● TASK DETAILS
Please return the listing exactly as written, but without its pictures.

● DATA SHOWN
+++
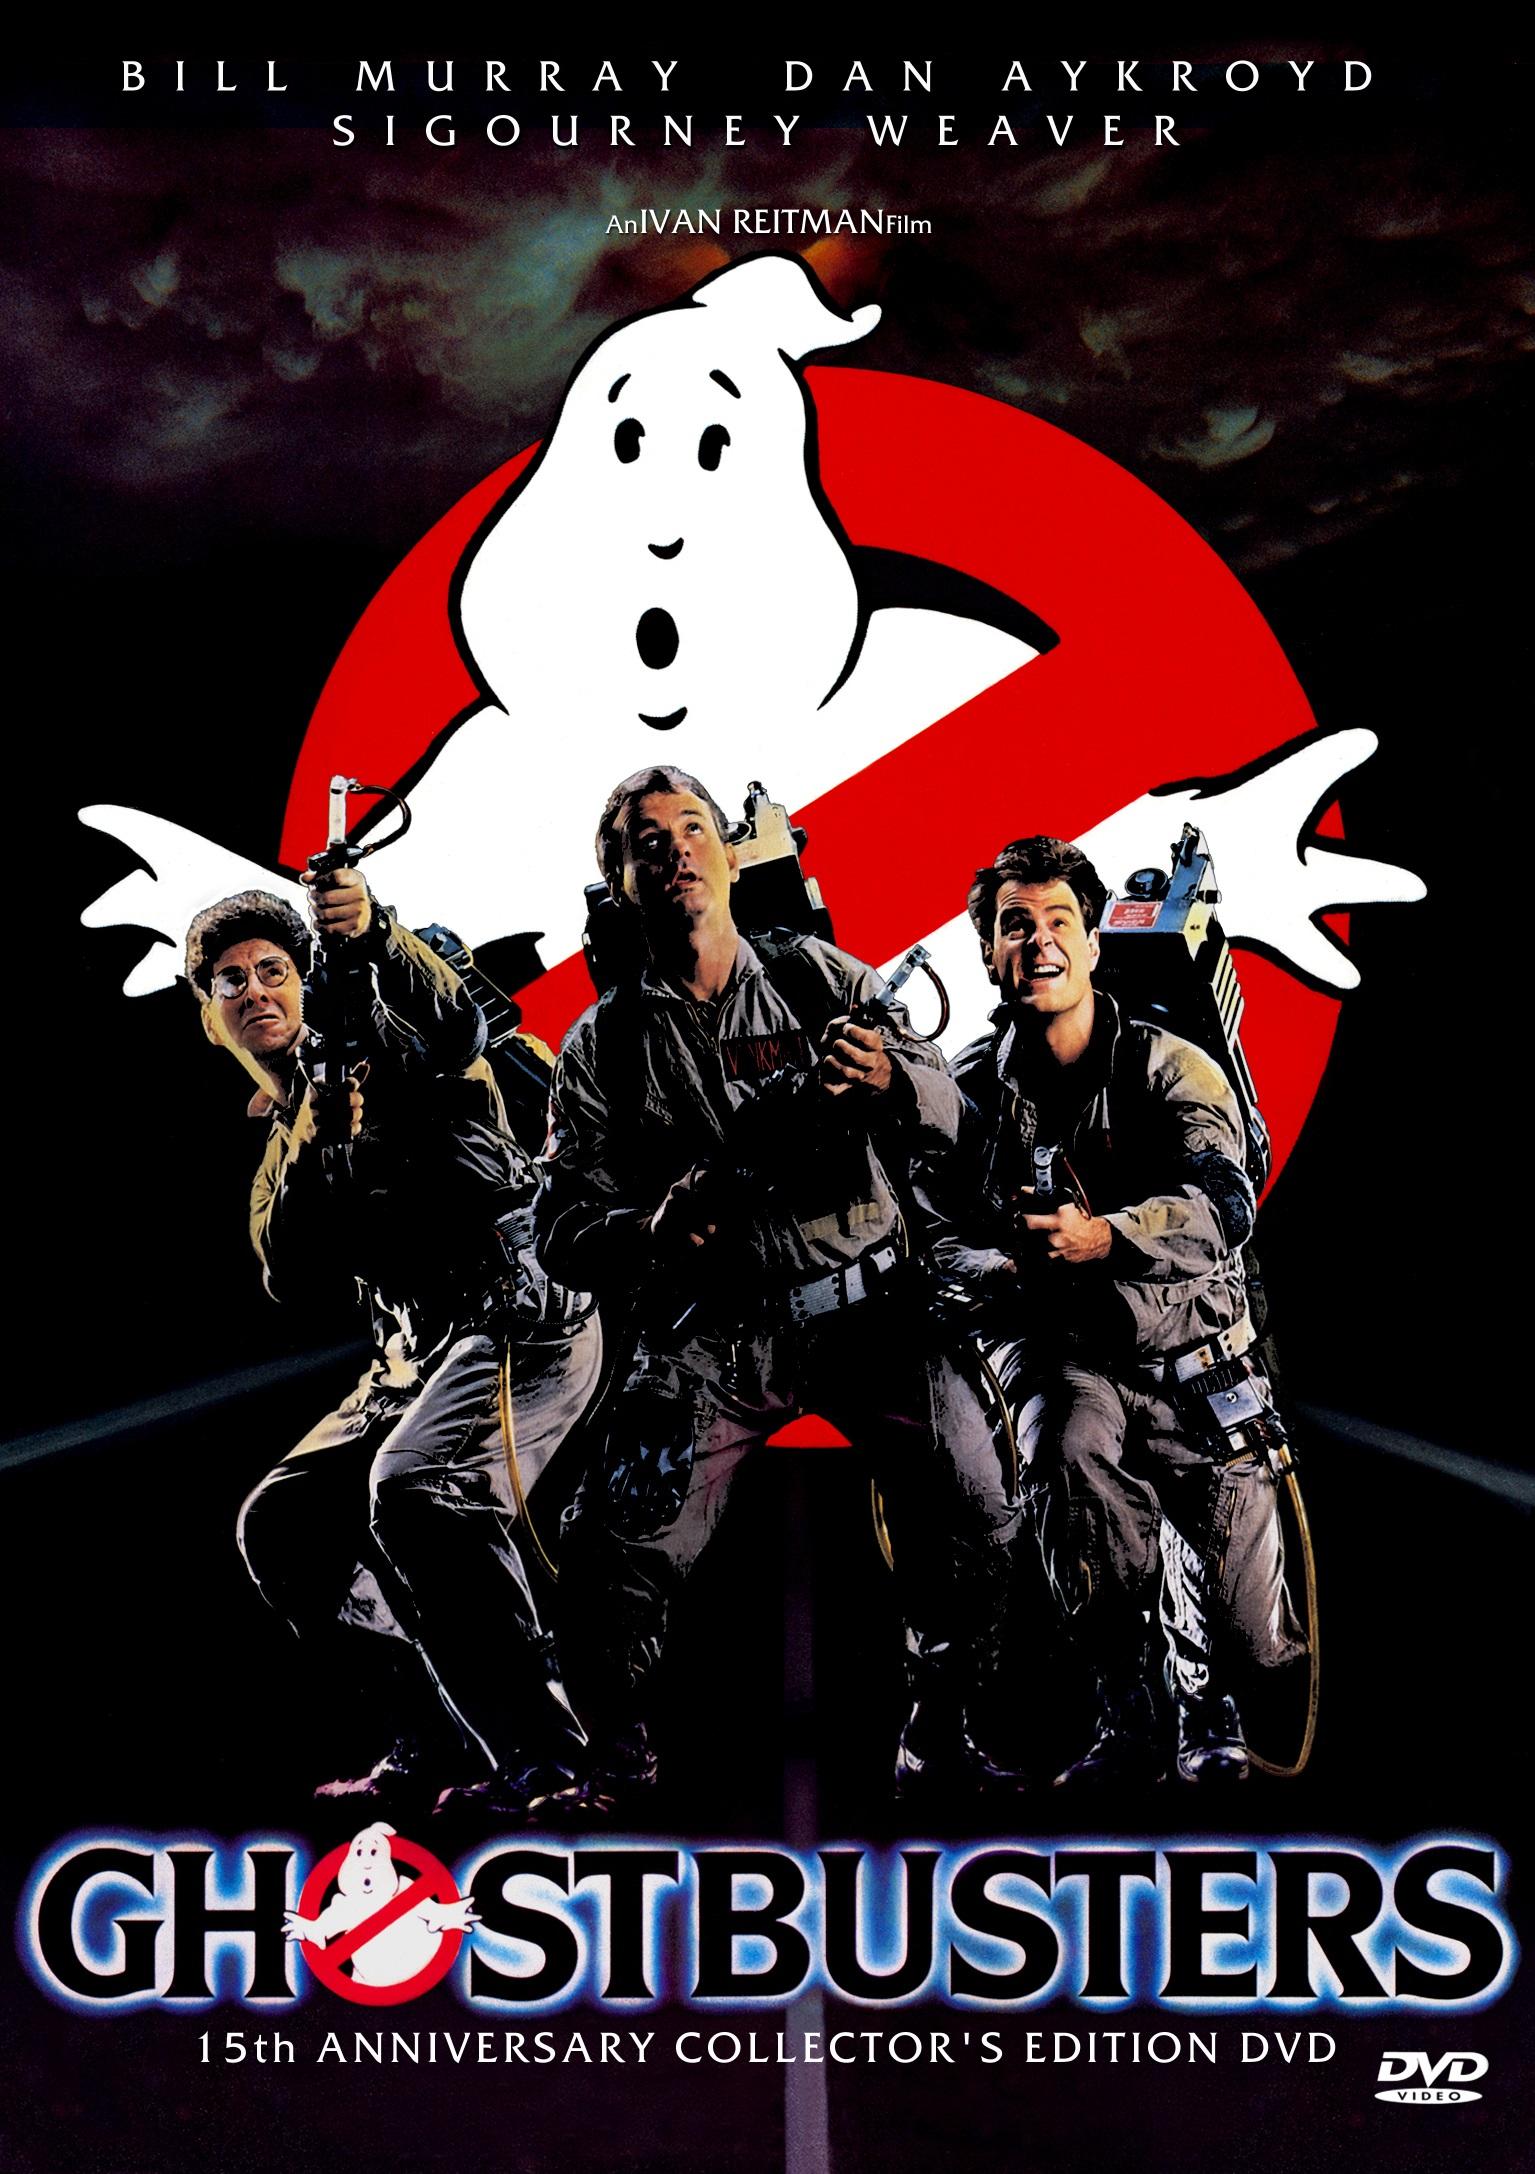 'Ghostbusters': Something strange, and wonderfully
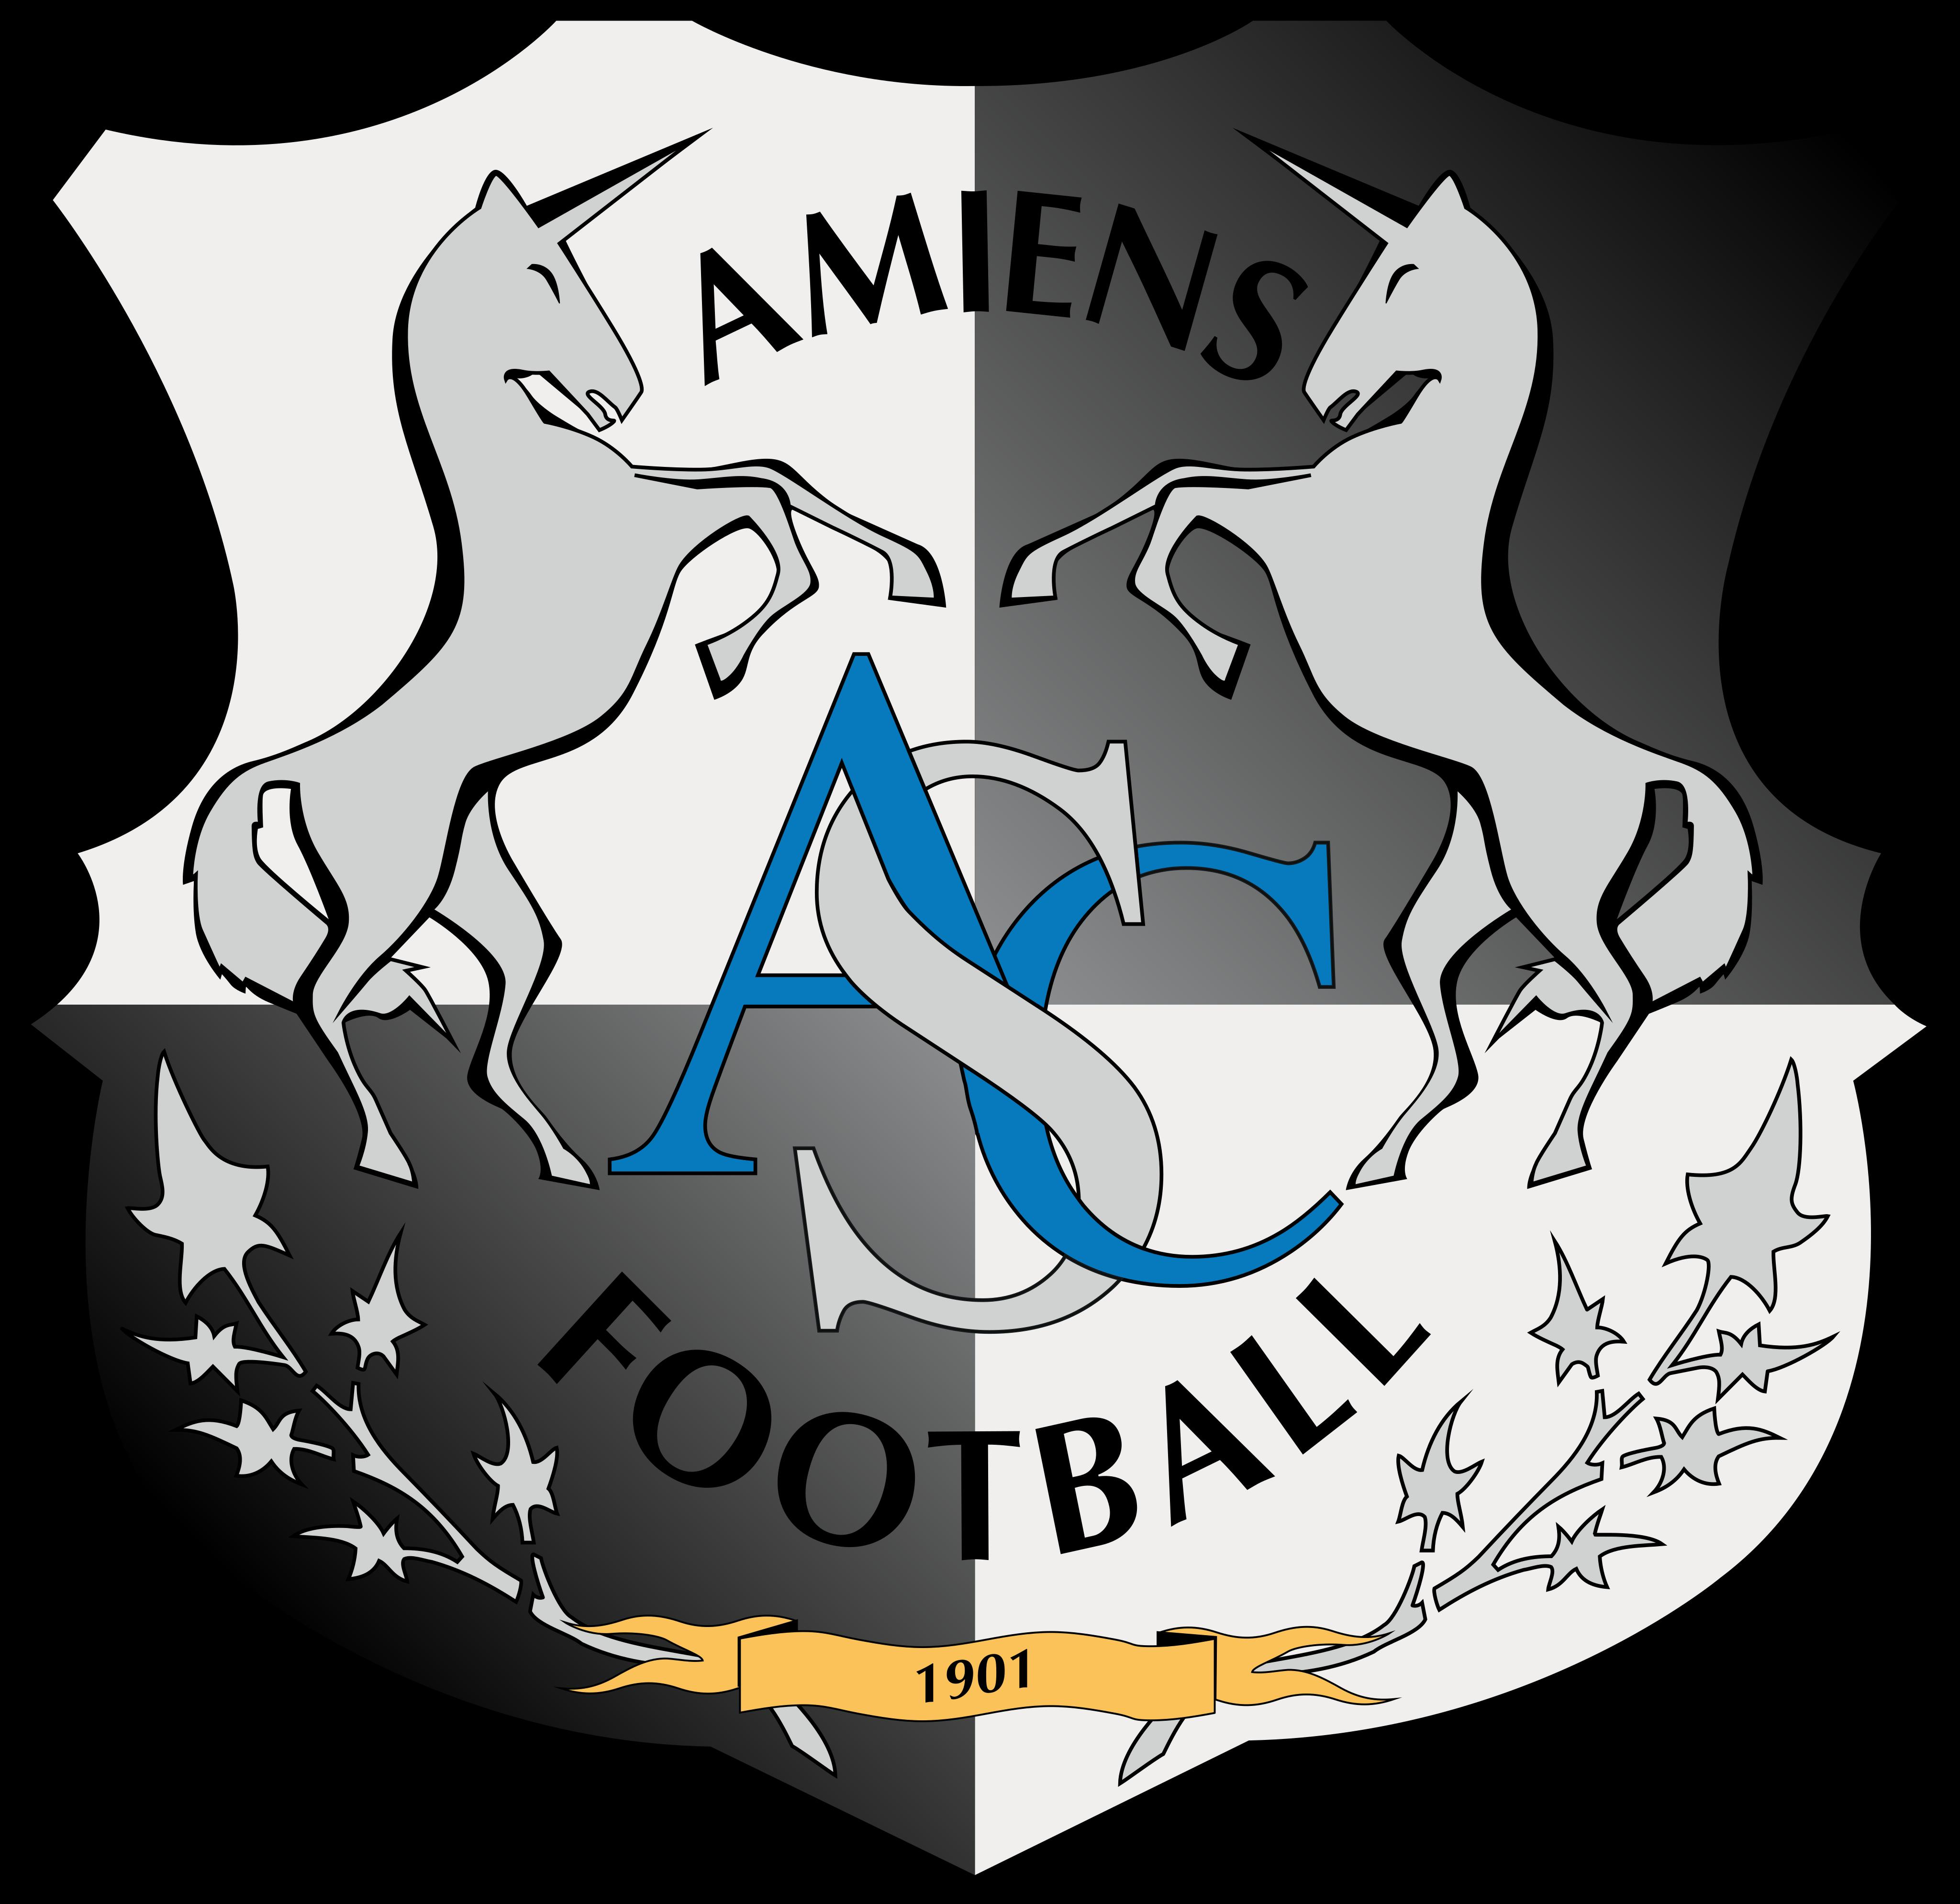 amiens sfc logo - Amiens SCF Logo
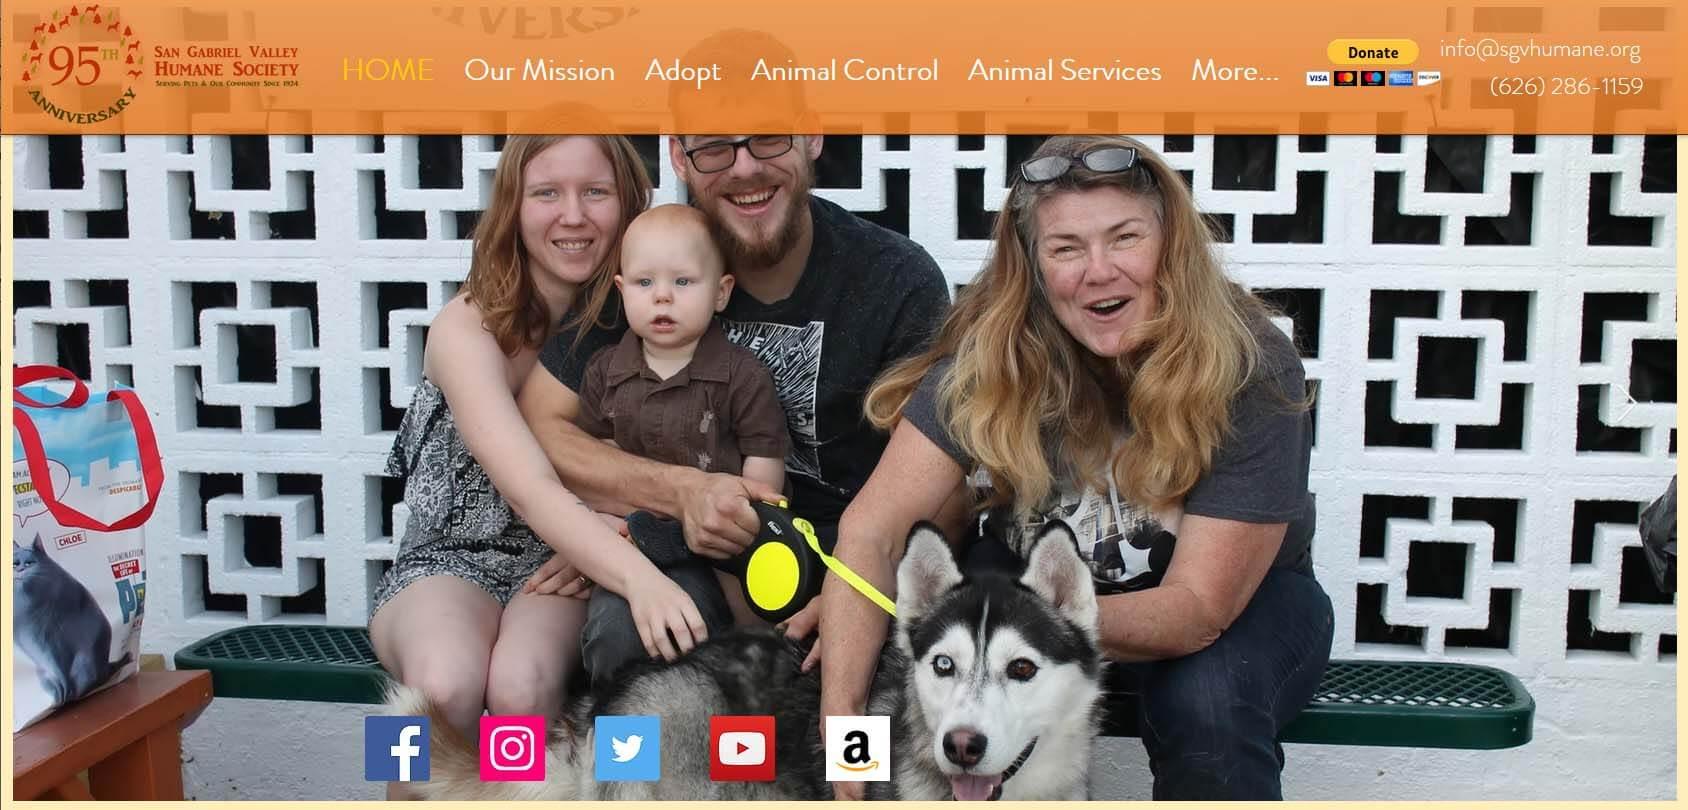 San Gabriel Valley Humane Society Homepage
+++
● RESPONSE
 'Ghostbusters': Something strange, and wonderfully
 amiens sfc logo - Amiens SCF Logo
 San Gabriel Valley Humane Society Homepage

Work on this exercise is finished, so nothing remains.